From the “this will cost more money in paperwork than it saves” Department, SB 119 proposes an annual report and audit of unpaid restitution orders owed to government entities. It makes explicit the authority to demand that the debtor show cause and for the court to hold the debtor in contempt. I imagine the intent of this bill is to increase revenues for government entities without raising taxes. However, most folks who owe criminal restitution simply don’t have any money. Putting them in jail on a contempt order isn’t going to save any money. On the upside, maybe they’ll farm out the collections work to guys like me on a contingency basis. If you hound these guys for 5-10 years, occasionally you get lucky. The government isn’t set up to make that kind of extended effort. I am.
Check out all the information the report has to have:
(This bill introduced by Mr. Van, that’s his name, that name again is Mr. Van. Err, Mrvan.)
Bifurcated sentencing. Allows a court to impose a sentence greater than the presumptive sentence only if: (1) the state proves the existence of an aggravating circumstance beyond a reasonable doubt; or (2) the defendant has one or more prior unrelated convictions.
I believe this proposed legislation is Indiana’s answer to the Supreme Court’s Blakely decision that has the federal sentencing structure in such a mess. My understanding is that Indiana didn’t really have a problem with its current structure. Maybe this is a “better safe than sorry” approach. Or, maybe my assumptions are wrong.

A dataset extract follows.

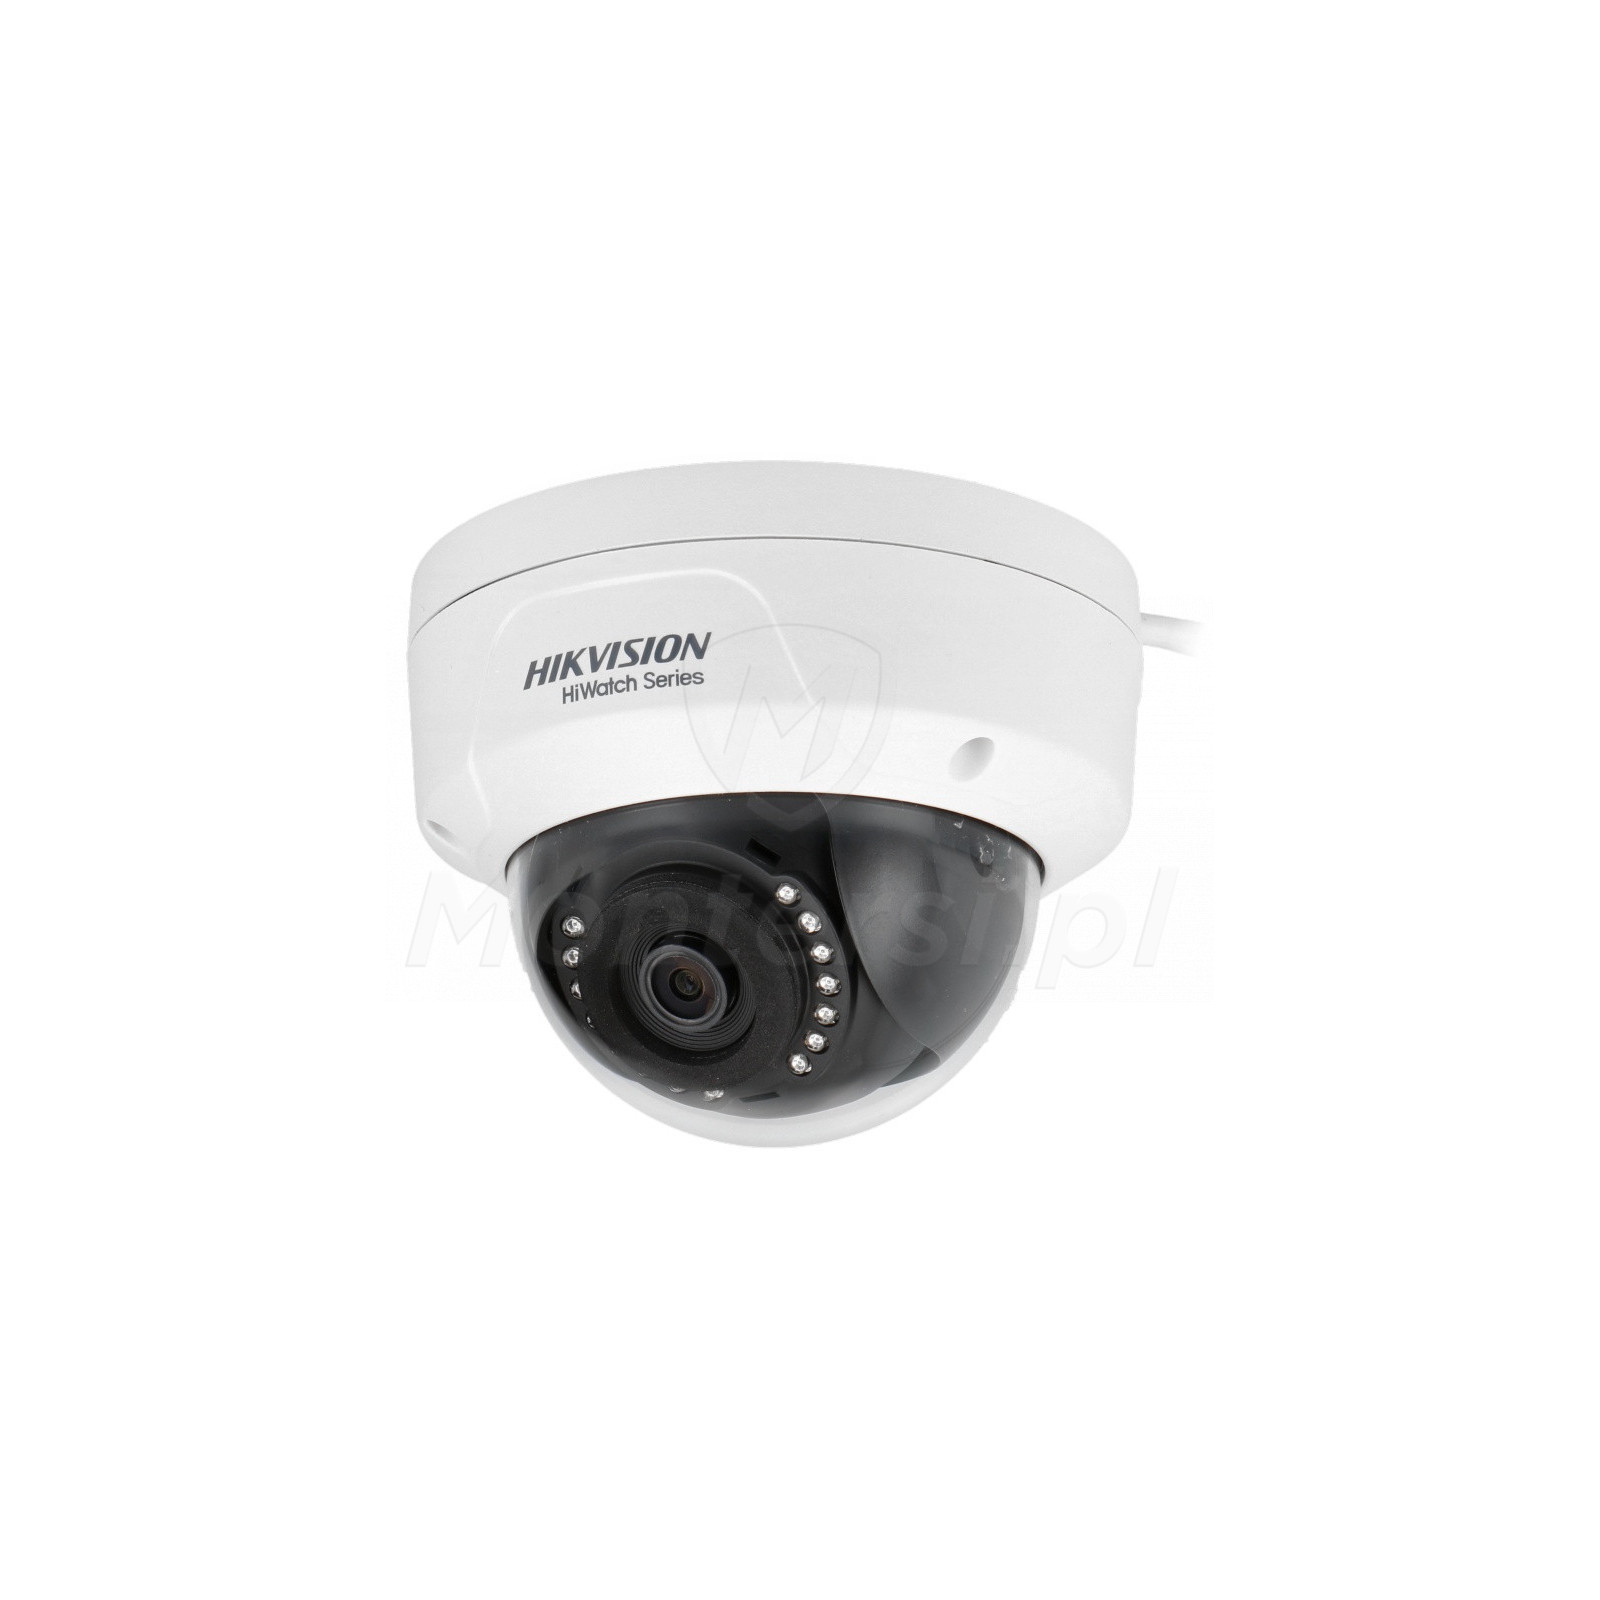 Kamera wandaloodporna HWI-D140H

Introduced Version, Senate Bill 0099 The synopsis:
Criminal code general purpose statement. Provides that the criminal code must be founded on the principle of reformation, not vindictive justice, and establishes the means and goals to be considered in establishing criminal penalties and imposing sentences. Specifies that these provisions do not create a cause of action or supersede any statute, and may not be used in litigation to obtain any form of relief.
I always hated drafting “purpose statements” when I worked for the General Assembly. They don’t do a darn thing — a point which is thankfully spelled out in this particular statement — an often times they create confusion. The casual statutory reader thinks that the purpose statement has the force of law. But, the purpose statements are only an opinion of sorts. And, as we all know, opinions are like certain anatomical features in that everyone has one. Future General Assemblies, or even the current one, can just ignore this provision. It doesn’t mean a thing until you tie a penalty or other enforcement mechanism to it.
(Oh, and just for those who may not be aware, the business about the criminal code being founded on the principle of reformation, not vindictive justice is lifted from the Indiana Constitution and reflects the Enlightenment values of the drafters of the mid 19th century. I doubt our current crop of legislators would come up with such bleeding-heart language if left to their own devices.)
Introduced Version, Senate Bill 0076 — LSA’s synopsis:
Abortion requirements. Requires a health care provider to provide a pregnant woman with information regarding the availability of ultrasound imaging and auscultation of heart tones of a fetus before performing an abortion on the pregnant woman. Allows a pregnant
woman to view the fetal ultrasound imaging and hear the auscultation of the fetal heart tone before an abortion is performed.
It’s essentially an approach that tries to guilt the woman out of having an abortion. Note that there is no effort to inform the woman about the effect of the pregnancy on her body or the life the child is likely to lead if it is unwanted, the woman cannot afford to properly take care of the child, and it comes to term. Dennis Miller said something about taking the right-to-lifers more seriously if so many of them weren’t cross-enrolled in the NRA. He also mentioned not supporting a right to life with no rights.